Ingestion Code Generation
We can provide our credentials here in this step if we plan on using PyIngest to load our data. This will inject our credentials into the generated YAML file. If we leave the credential fields blank, then we can just fill in the blanks in the generated YAML file later.
gen = PyIngestConfigGenerator(data_model=gdm.current_model,
username=os.environ.get("NEO4J_USERNAME"),
password=os.environ.get("NEO4J_PASSWORD"),
uri=os.environ.get("NEO4J_URI"),
database=os.environ.get("NEO4J_DATABASE"),
file_directory=data_directory, source_name="countries.csv")
pyingest_yaml = gen.generate_config_string()
print(pyingest_yaml)
server_uri: bolt://localhost:7687
admin_user: neo4j
admin_pass: password
database: neo4j
basepath: ./
pre_ingest:
- CREATE CONSTRAINT country_id IF NOT EXISTS FOR (n:Country) REQUIRE n.id IS UNIQUE;
- CREATE CONSTRAINT region_name IF NOT EXISTS FOR (n:Region) REQUIRE n.name IS UNIQUE;
- CREATE CONSTRAINT subregion_name IF NOT EXISTS FOR (n:Subregion) REQUIRE n.name IS UNIQUE;
- CREATE CONSTRAINT currency_name IF NOT EXISTS FOR (n:Currency) REQUIRE n.name IS UNIQUE;
- CREATE CONSTRAINT timezone_name IF NOT EXISTS FOR (n:Timezone) REQUIRE n.name IS UNIQUE;
- CREATE CONSTRAINT capital_name IF NOT EXISTS FOR (n:Capital) REQUIRE n.name IS UNIQUE;
files:
- chunk_size: 100
cql: |-
WITH $dict.rows AS rows
UNWIND rows AS row
MERGE (n:Country {id: toIntegerOrNull(row.id)})
SET n.name = row.name, n.phoneCode = toIntegerOrNull(row.phone_code), n.latitude = toFloatOrNull(row.latitude), n.longitude = toFloatOrNull(row.longitude)
url: $BASE/../../../data/countries/countries.csv
- chunk_size: 100
cql: |
WITH $dict.rows AS rows
UNWIND rows AS row
MERGE (n:Region {name: row.region})
url: $BASE/../../../data/countries/countries.csv
- chunk_size: 100
cql: |
WITH $dict.rows AS rows
UNWIND rows AS row
MERGE (n:Subregion {name: row.subregion})
url: $BASE/../../../data/countries/countries.csv
- chunk_size: 100
cql: |
WITH $dict.rows AS rows
UNWIND rows AS row
MERGE (n:Currency {name: row.currency_name})

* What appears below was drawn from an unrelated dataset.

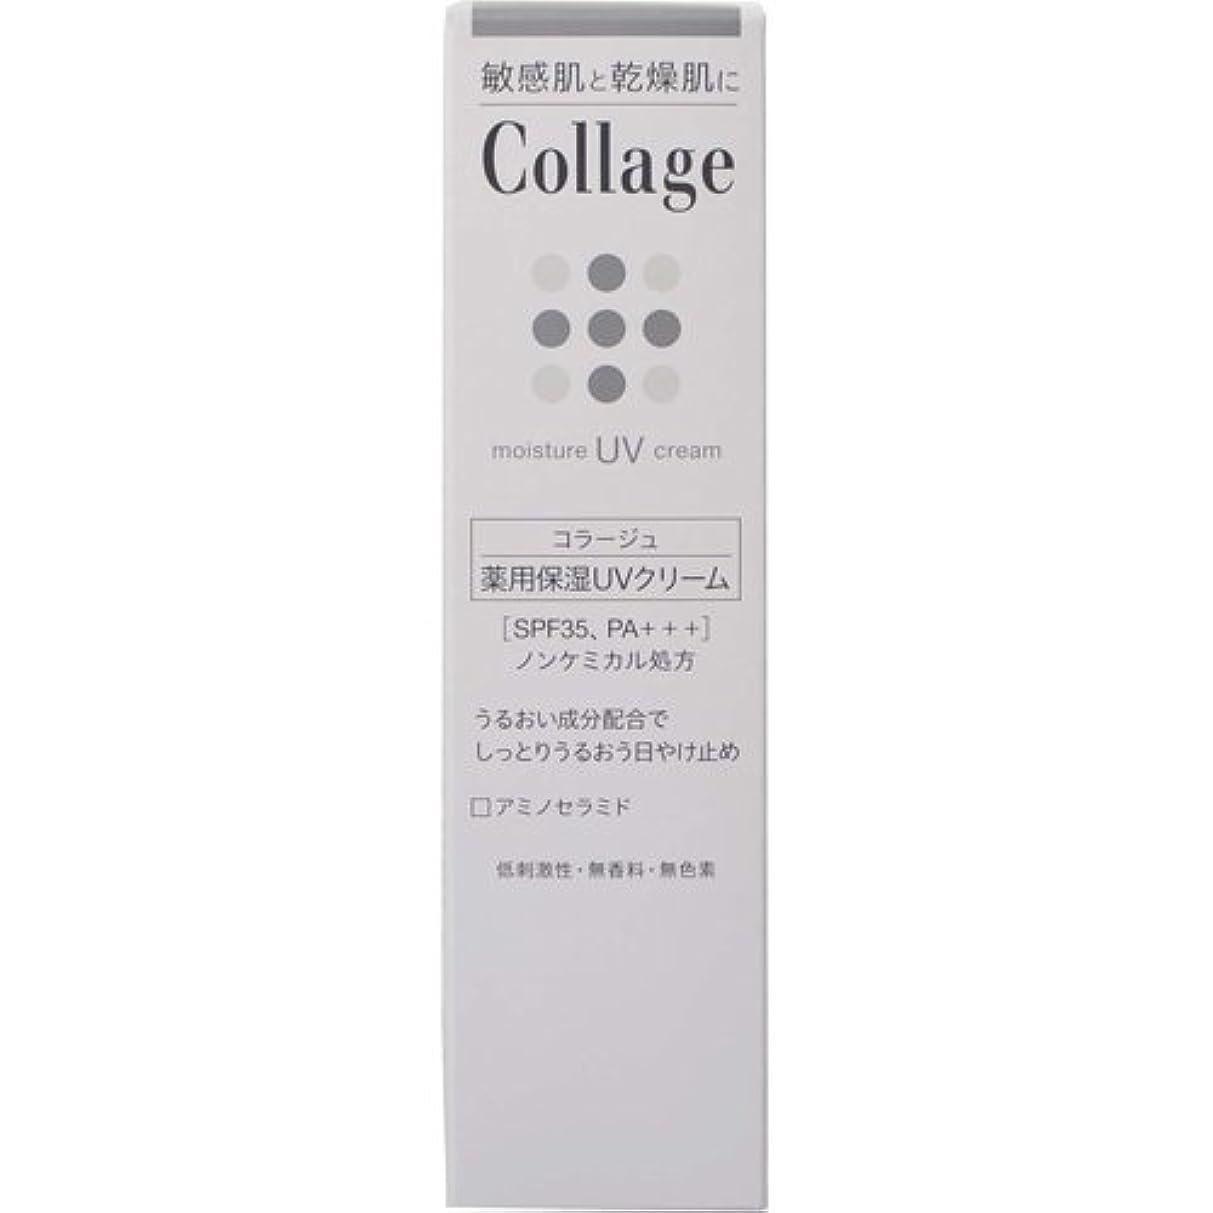 建築毎日世界的にコラージュ 薬用保湿UVクリーム 30g 【医薬部外品】
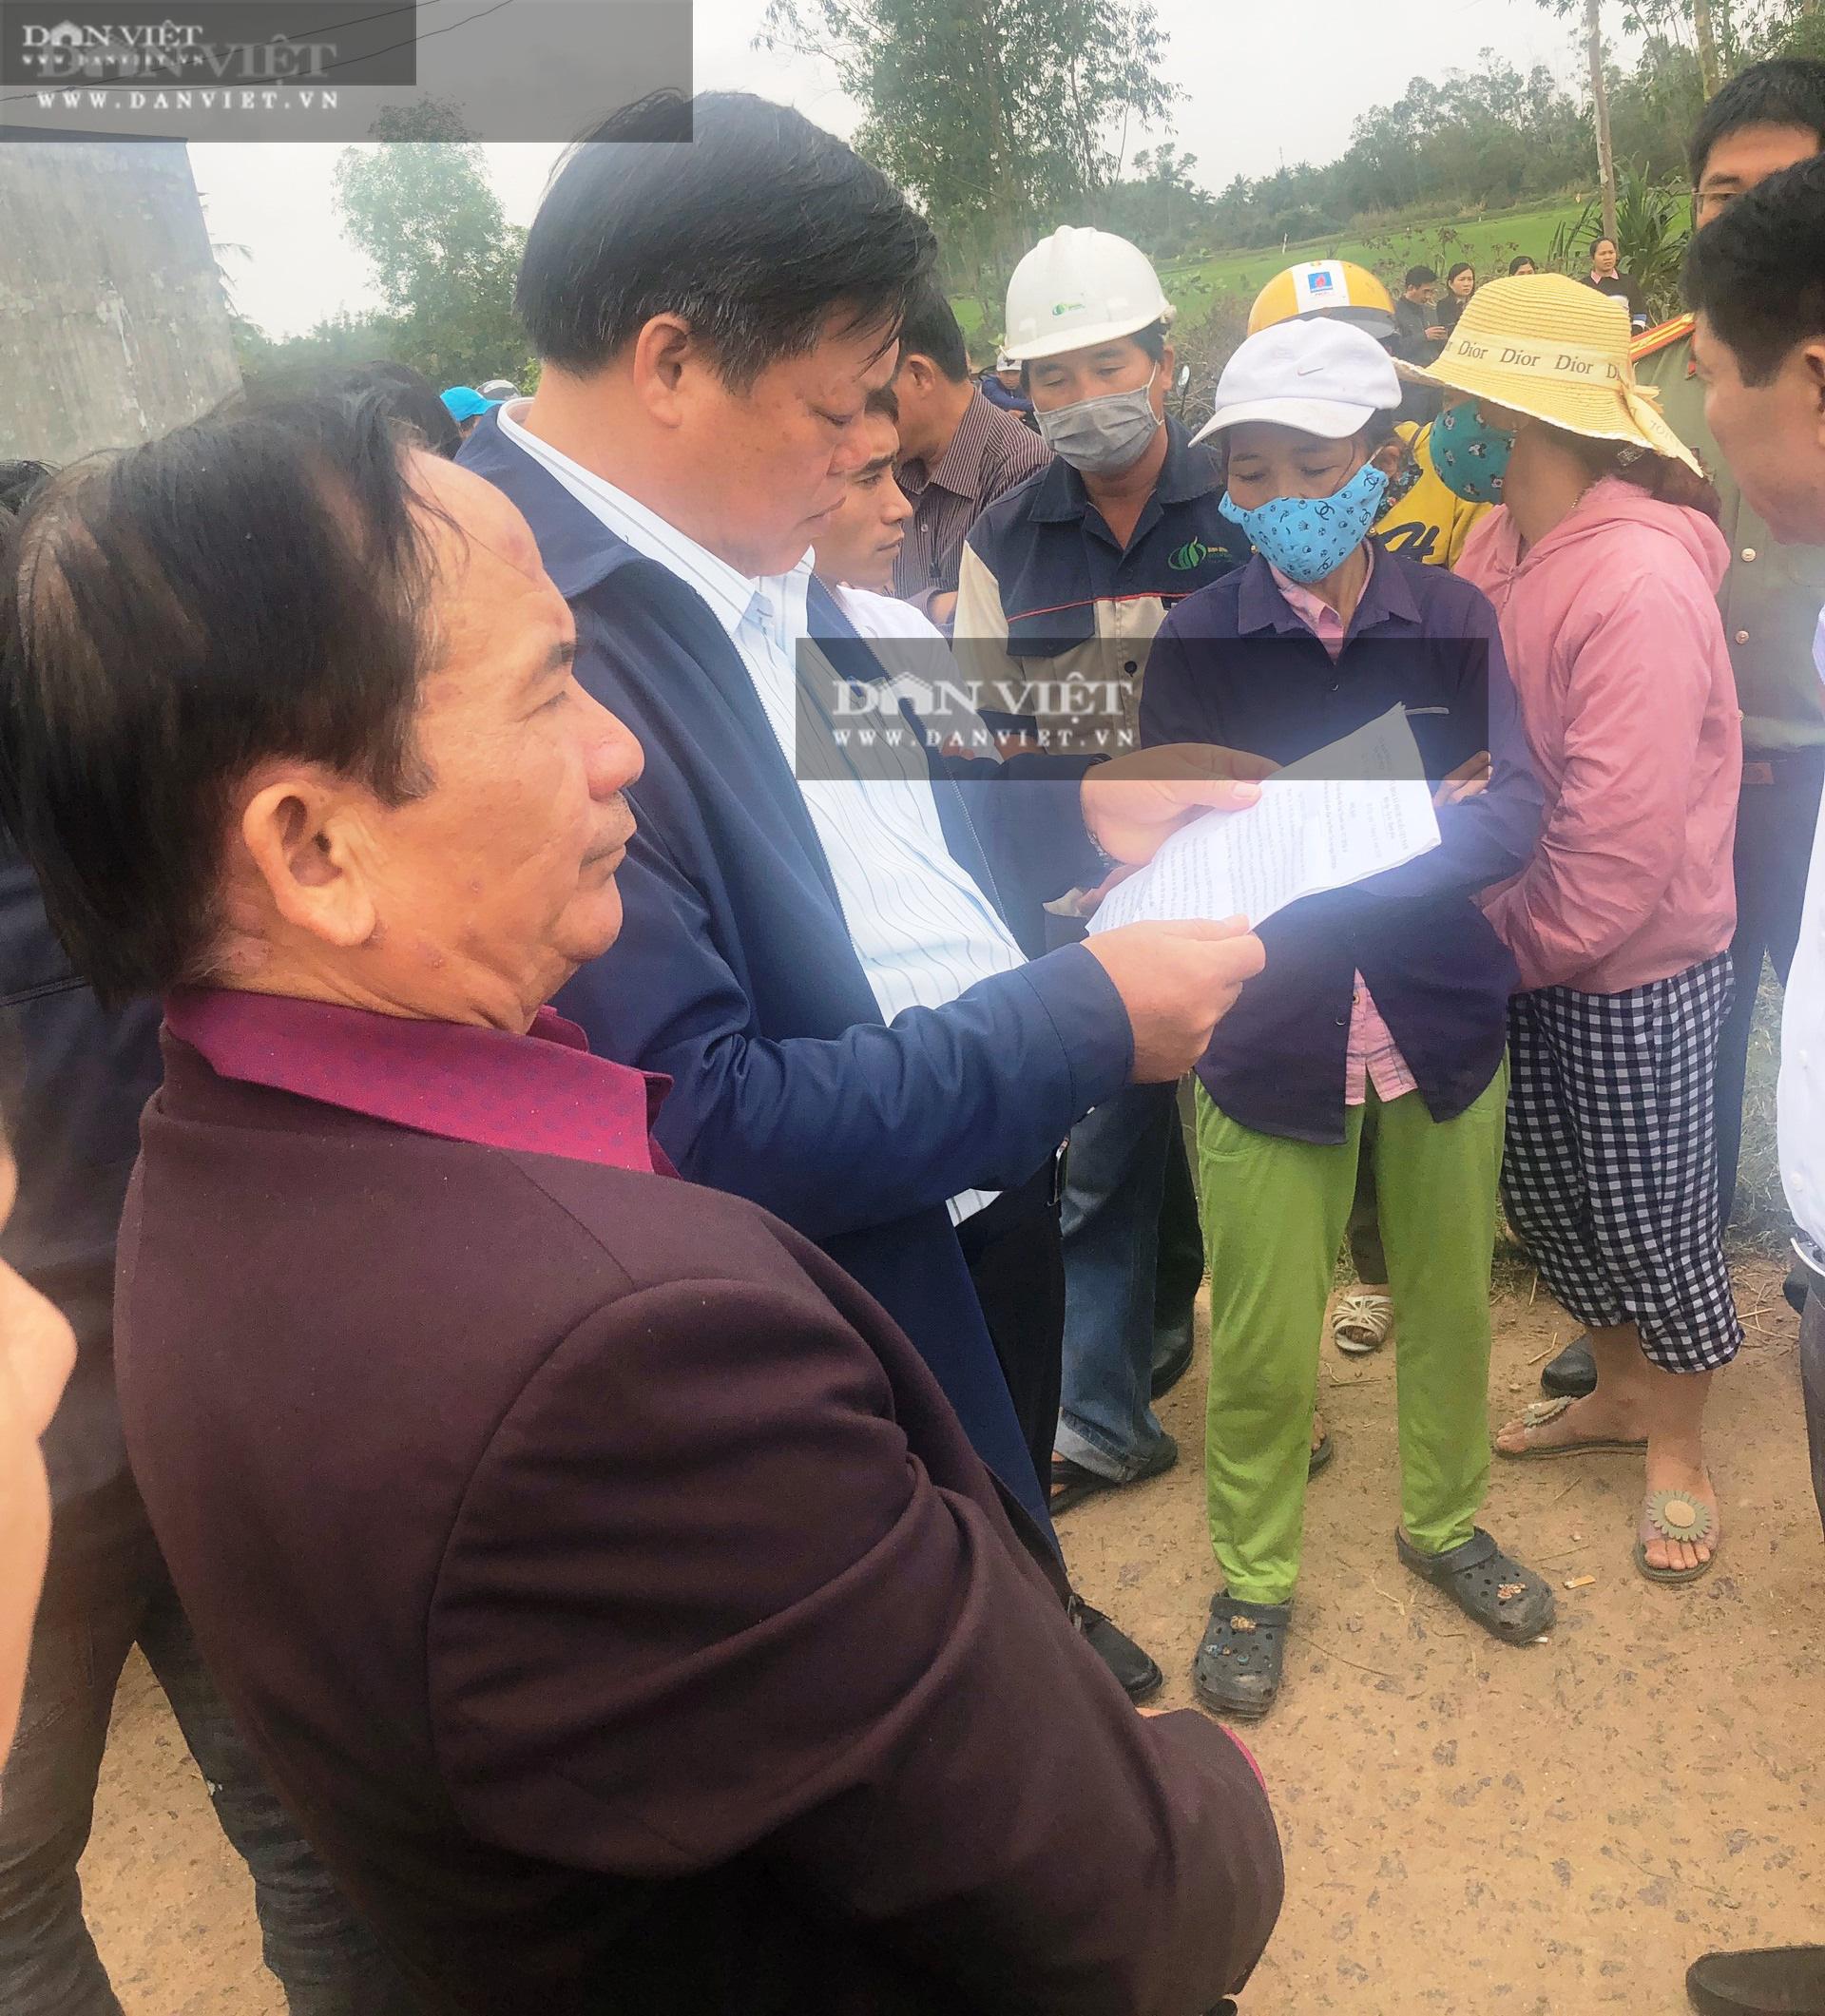 Bình Định: Dân chặn ôtô chở lãnh đạo huyện đến dự khánh thành Nhà máy điện mặt trời Mỹ Hiệp  - Ảnh 2.

url: $BASE/../../../data/countries/countries.csv
- chunk_size: 100
cql: |
WITH $dict.rows AS rows
UNWIND rows AS row
MERGE (n:Timezone {name: row.timezones})
url: $BASE/../../../data/countries/countries.csv
- chunk_size: 100
cql: |
WITH $dict.rows AS rows
UNWIND rows AS row
MERGE (n:Capital {name: row.capital})
url: $BASE/../../../data/countries/countries.csv
- chunk_size: 100
cql: |
WITH $dict.rows AS rows
UNWIND rows as row
MATCH (source:Country {id: toIntegerOrNull(row.id)})
MATCH (target:Region {name: row.region})
MERGE (source)-[n:LOCATED_IN]->(target)
url: $BASE/../../../data/countries/countries.csv
- chunk_size: 100
cql: |
WITH $dict.rows AS rows
UNWIND rows as row
MATCH (source:Country {id: toIntegerOrNull(row.id)})
MATCH (target:Subregion {name: row.subregion})
MERGE (source)-[n:PART_OF]->(target)
url: $BASE/../../../data/countries/countries.csv
- chunk_size: 100
cql: |
WITH $dict.rows AS rows
UNWIND rows as row
MATCH (source:Country {id: toIntegerOrNull(row.id)})
MATCH (target:Currency {name: row.currency_name})
MERGE (source)-[n:USES]->(target)
url: $BASE/../../../data/countries/countries.csv
- chunk_size: 100
cql: |
WITH $dict.rows AS rows
UNWIND rows as row
MATCH (source:Country {id: toIntegerOrNull(row.id)})
MATCH (target:Timezone {name: row.timezones})
MERGE (source)-[n:SHARES_TIMEZONE_WITH]->(target)
url: $BASE/../../../data/countries/countries.csv
- chunk_size: 100
cql: |
WITH $dict.rows AS rows
UNWIND rows as row
MATCH (source:Region {name: row.region})
MATCH (target:Subregion {name: row.subregion})
MERGE (source)-[n:HAS_SUBREGION]->(target)
url: $BASE/../../../data/countries/countries.csv
- chunk_size: 100
cql: |
WITH $dict.rows AS rows
UNWIND rows as row
MATCH (source:Country {id: toIntegerOrNull(row.id)})
MATCH (target:Capital {name: row.capital})
MERGE (source)-[n:HAS_CAPITAL]->(target)
url: $BASE/../../../data/countries/countries.csv
Ingest Data
We can use the generated yaml string above to orchestrate the data loading via a Runway’s PyIngest function. First let’s confirm our connection though.
test_database_connection(credentials={"username": os.environ.get("NEO4J_USERNAME"),
"password": os.environ.get("NEO4J_PASSWORD"),
"uri": os.environ.get("NEO4J_URI")})
{'valid': True, 'message': 'Connection and Auth Verified!'}
PyIngest(config=pyingest_yaml, verbose=False)
If we check our database we can see that we’ve ingested our CSV according to the data model we’ve created!